Data segment START
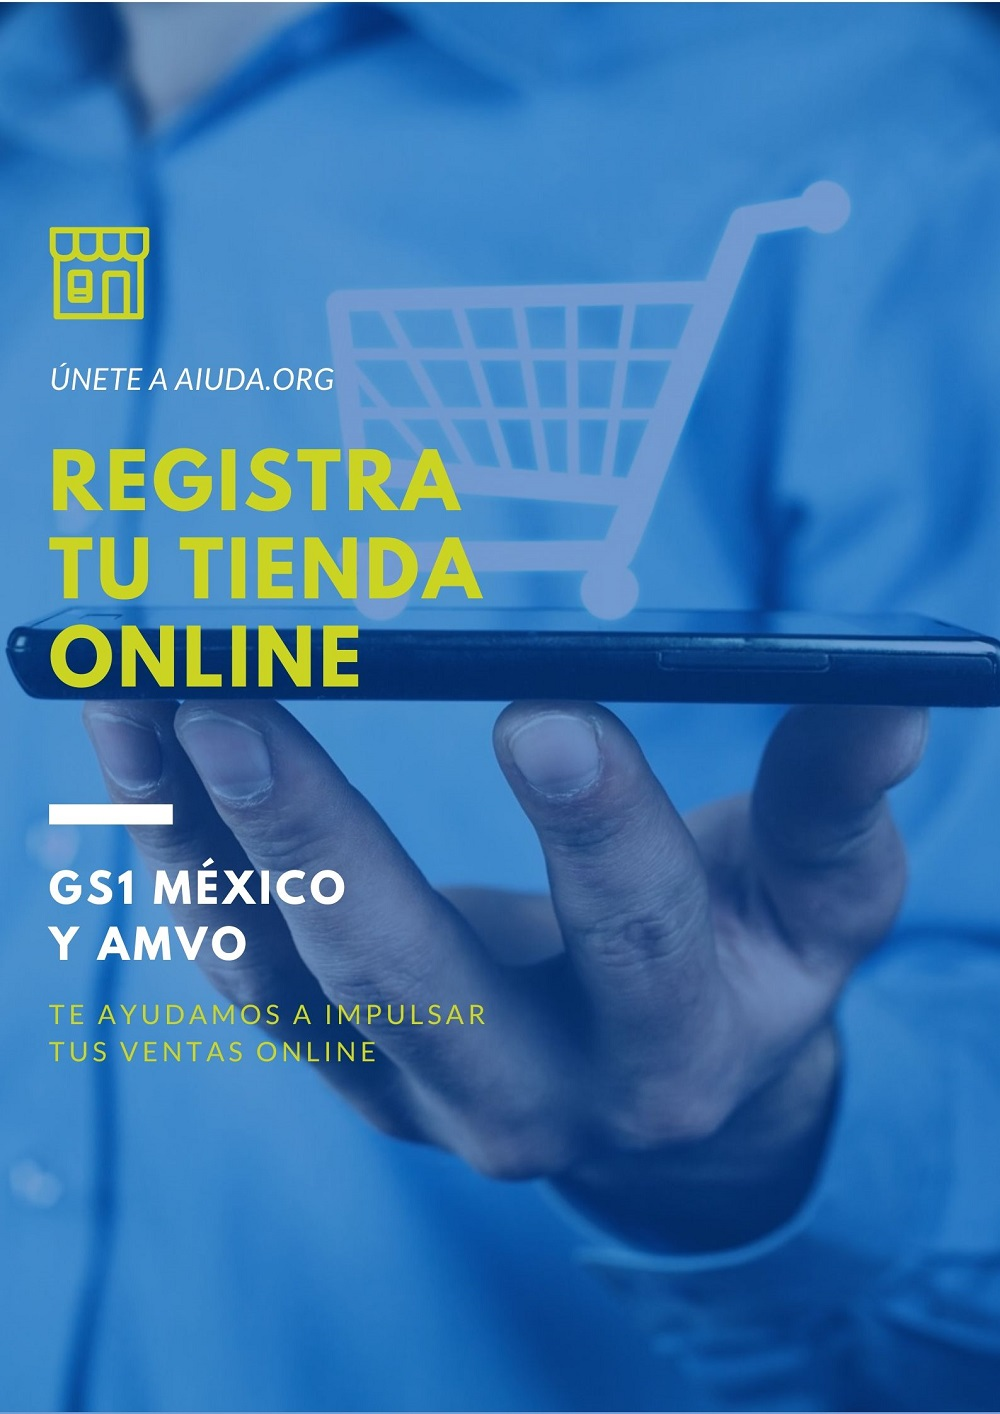 AMVO_GS1_MEXICO_AIUDA
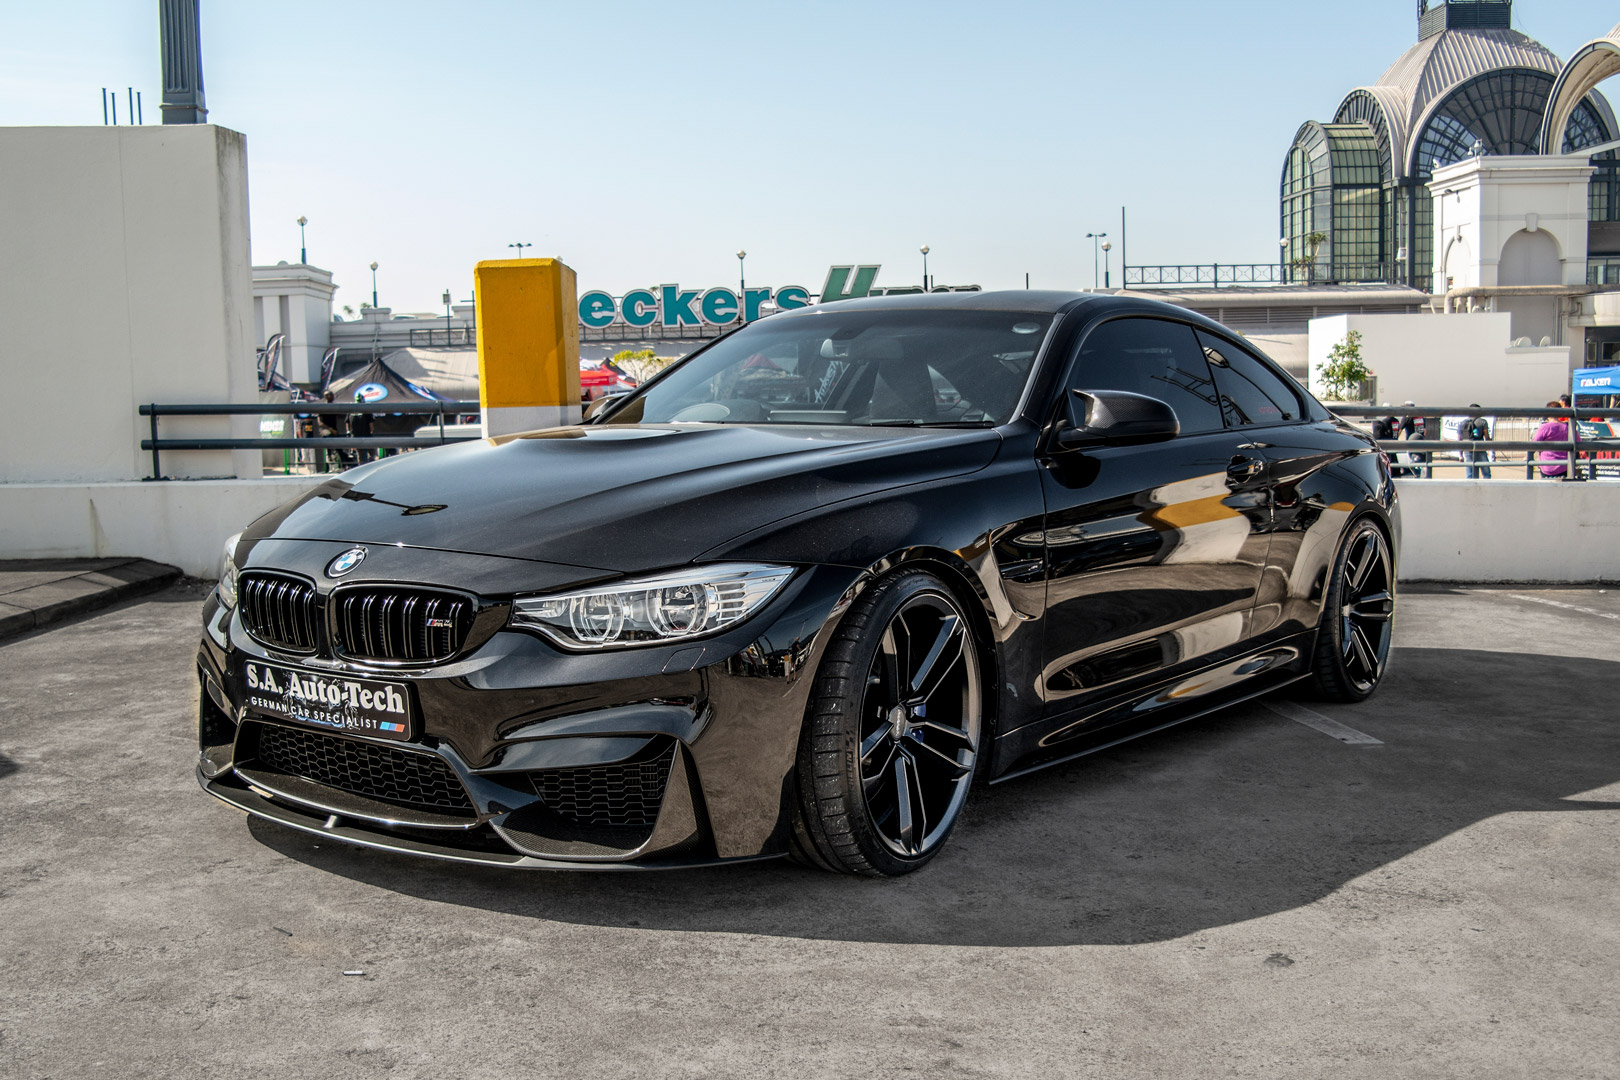 BMW M4 Black Rims Staggered Varro VD07 Wheels
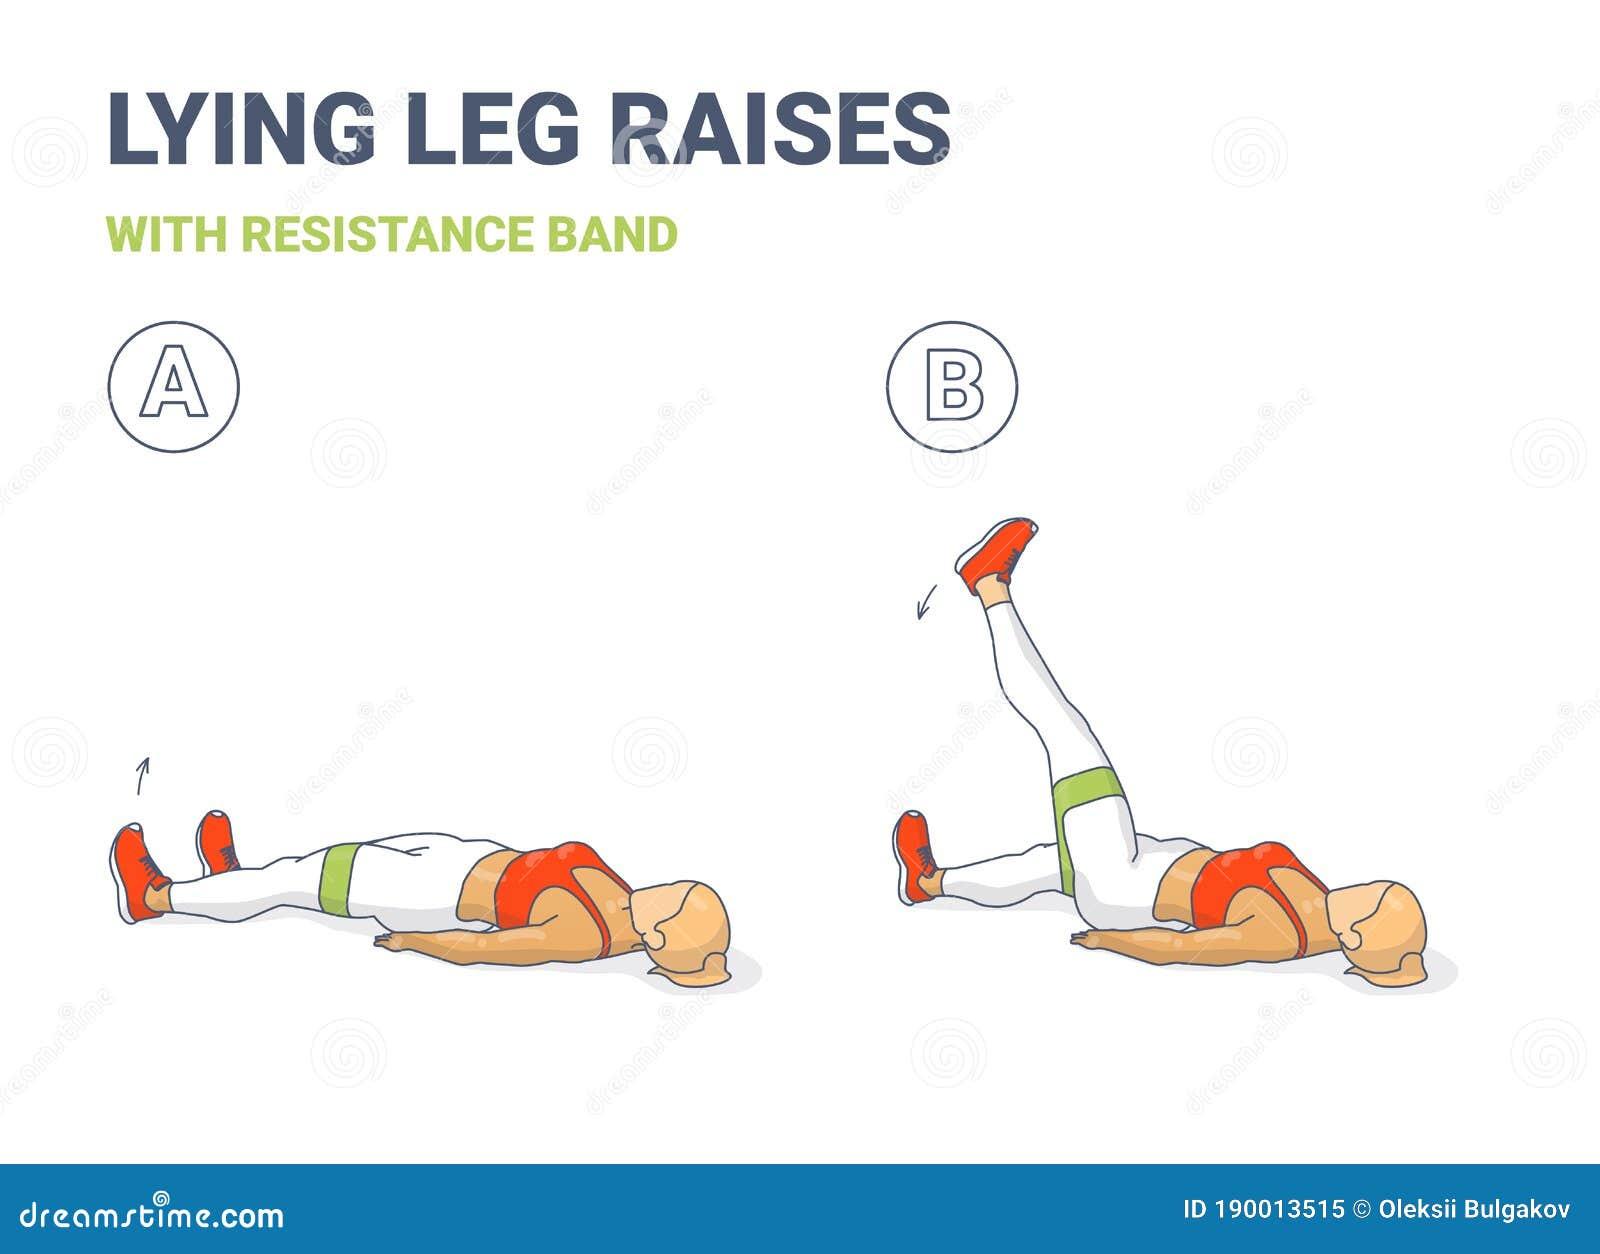 Lying Leg Lifting with Resistance Band Exercise Illustration ...
Data segment END
Your reply should restate the data above word for word and contain no pictures.

 AMVO_GS1_MEXICO_AIUDA
 BMW M4 Black Rims Staggered Varro VD07 Wheels
 Lying Leg Lifting with Resistance Band Exercise Illustration ...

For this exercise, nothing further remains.